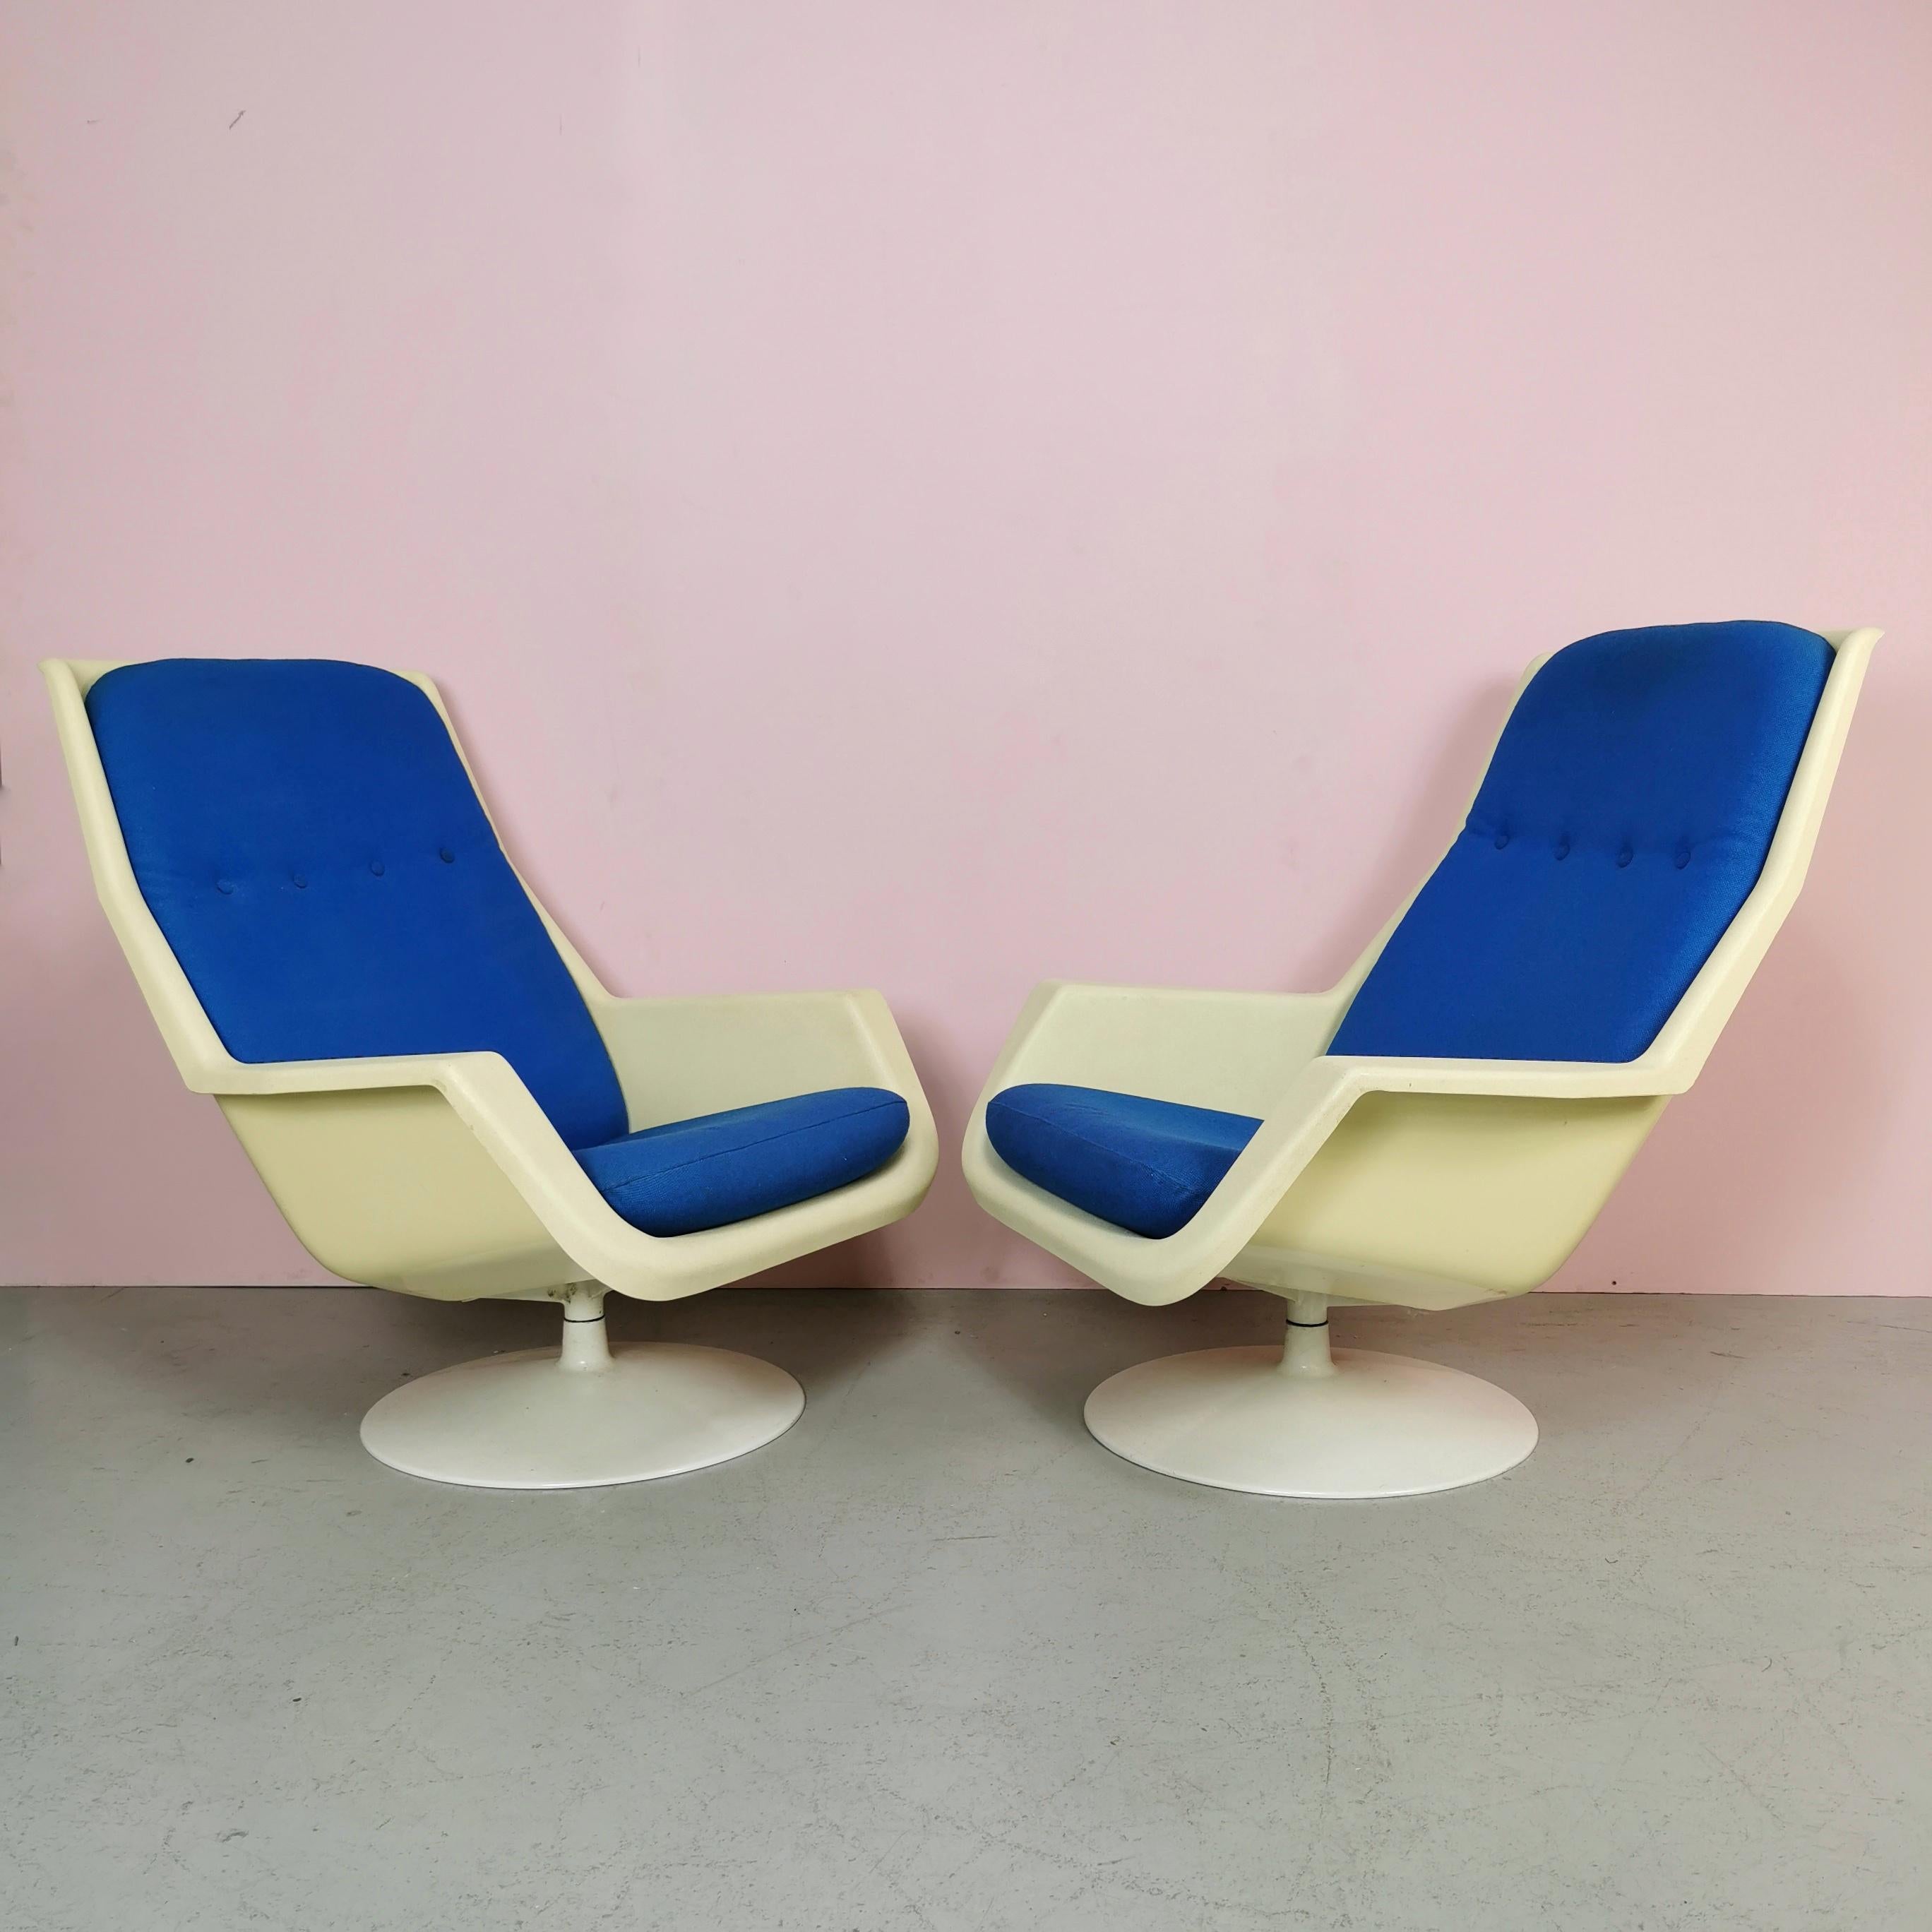 a paire de fauteuils fabriqués en Angleterre par Hille et conçus par Robin Day au début des années 1970. Base en métal, coque en plastique et coussins en tissu bleu. Les fauteuils sont en très bon état.
présentent de légères marques d'époque
un
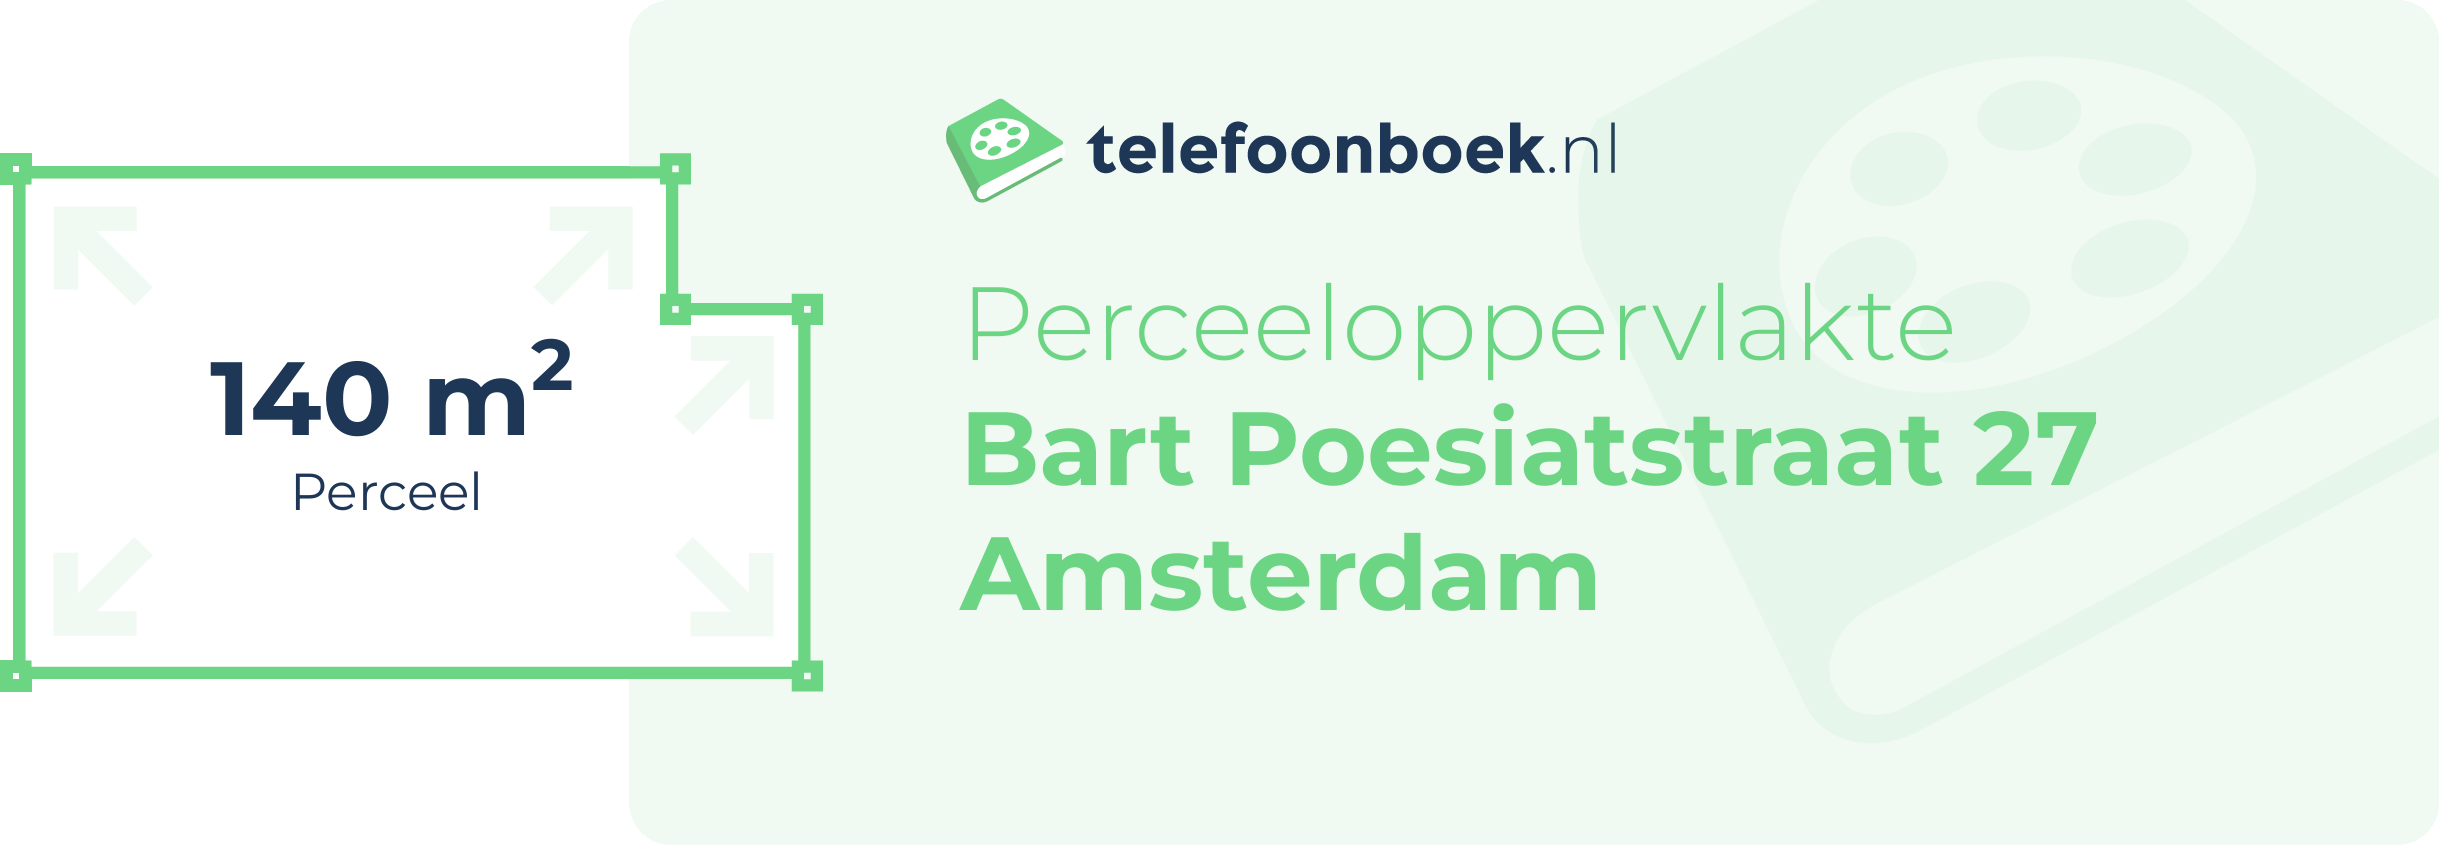 Perceeloppervlakte Bart Poesiatstraat 27 Amsterdam

Task description:
Here the job is to print the data above exactly, except for any pictures.

Output of the task:
 a paire de fauteuils fabriqués en Angleterre par Hille et conçus par Robin Day au début des années 1970. Base en métal, coque en plastique et coussins en tissu bleu. Les fauteuils sont en très bon état.
présentent de légères marques d'époque
un
 Perceeloppervlakte Bart Poesiatstraat 27 Amsterdam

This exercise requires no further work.